Ничего нельзя было понять в этих судорожных выкриках. Засаленный тяжёлый его картуз, с резко переломившимися над красной звездой полями и оттого похожий на скворешню, съехал козырьком на сторону; маленькое жёлтое личико, покрывшееся белыми пятнами, непрестанно дёргалось, большой лоб то блестел, то покрывался частыми глубокими бороздами, косые глаза смотрели умоляюще и напряжённо, подвижные сухие губы тянулись в трубочку, он часто-часто кивал головой, как фарфоровый болванчик, и, видимо, хотел сказать что-то весьма важное и трудно выразимое. Когда он подбежал, пленные шарахнулись в сторону:

— Ишь, чорт косоглазый, с мёртвых поднялся…

— Ой, ой, гаспадина камисала, дилюгой ходя стлиляйла, моя стлиляйла нет…

— Да что он плетёт, дьявол бы его драл совсем? — спросил взводный.

Толстый, по виду глуповатый парень с девичьими сочными губами потоптался, гыкнул по-деревенски в рукав и сказал:

— Оно, как ваши палить стали, этот китай пал наземь и завыл, а потом, сталоть, стих. Я ещё ногою пхнул — а он, язви его, и не шевелится вовсе. Семеро их там было, в теплушке, убитых…

— Моя стлиляйла нет… — сюсюкал маленький человек.

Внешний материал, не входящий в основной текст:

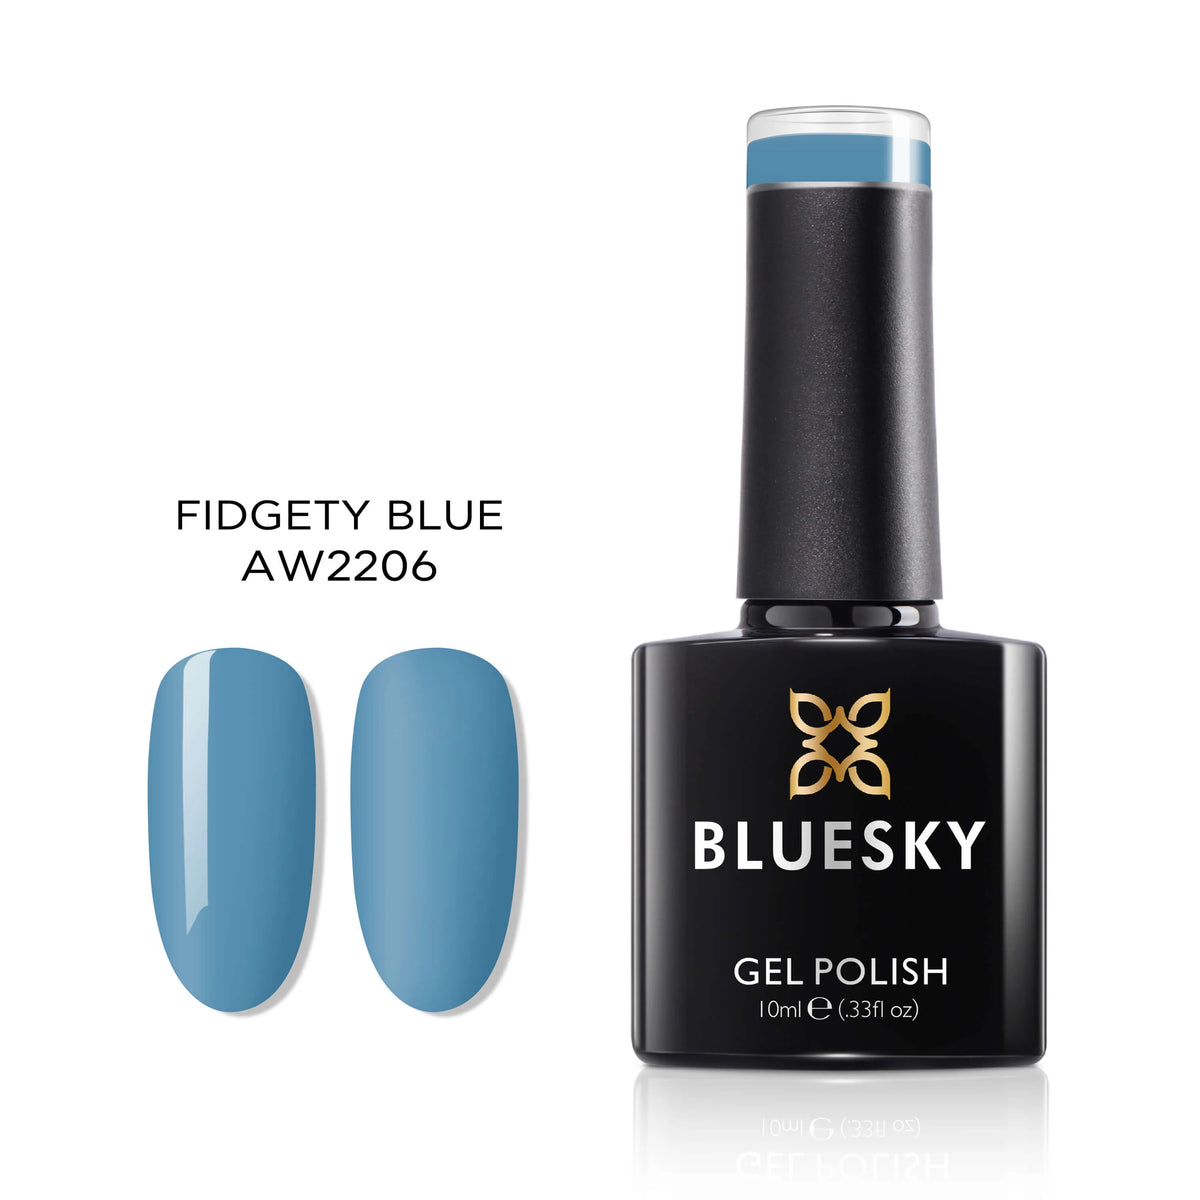 Vernis Gel Bluesky-Fidgety Blue-AW2206

— Это верно, ваше благородие, он стрелять не может, он у ротного коло дочки вроде, сталоть, няньки. Минаем его у нас прозвали, потому на стрельбе всё минал. Чтобы приклад в плечо, а он его — в живот, глупый чорт. Били его сильно, только без пользы, не может он. Ну, потом со строя вон… Минай и есть…

— Миняй, Миняй!.. — обрадованно закивал головой китаец.

— Он, ваше благородие, парень хороший, ей-бо… нестроевой… Что с ево, с дурака… А сам он допрежь того хвокусник был…

— Моя диньчик! — громко взвизгнул китаец, найдя, наконец, нужное слово.

— Во-во, догадался, — денщик, верно. Он и преставление может делать. Ну-ка, Минай, изобрази!

Китаец вскочил на ноги, чаще закивал головой и радостно заскулил. Он вытащил из кармана стёганых ватных штанов несколько цветных шариков и ловким движением руки пустил их вверх. Шарики закружились у застывшего его лица, били в лоб, в нос, сталкивались, разлетались брызгами и сливались в странный притягивающий пёстрый узор. Кончив, он из-за драных голенищ сапог вытащил четыре коротких палки, подул в них, отчего они немного распухли и стали похожи на веретена, и тоже начал их подбрасывать. Палки закружились быстро и вдруг запели грустную и странно согласную заунывную мелодийку. Звуки их были так мягки и нежны, словно ветер дул в детскую губную гармонику.

Китаец, словно вспомнив что-то, размахнулся и бросил палки на землю. Он весь затрясся, лицо его сморщилось, губы обмякли, он заплакал тоненько, с подвизгом, и, согнувшись, схватился рукою за бок. На жёлтой его рубашке росло тёмное влажное пятно.

 

* * *

 

Ночью, когда сидели в углу вагона у тускло мерцавшей плошки, и Ветеран рассказывал, как бежал он по уходившей из-под ног вагонной крыше, как кровельное железо под пулями расцветало мелкими розами и как разорвалась только последняя — четвёртая — граната, разнёсшая машиниста и остановившая поезд, — послышался откуда-то снаружи тихий сдавленный визг.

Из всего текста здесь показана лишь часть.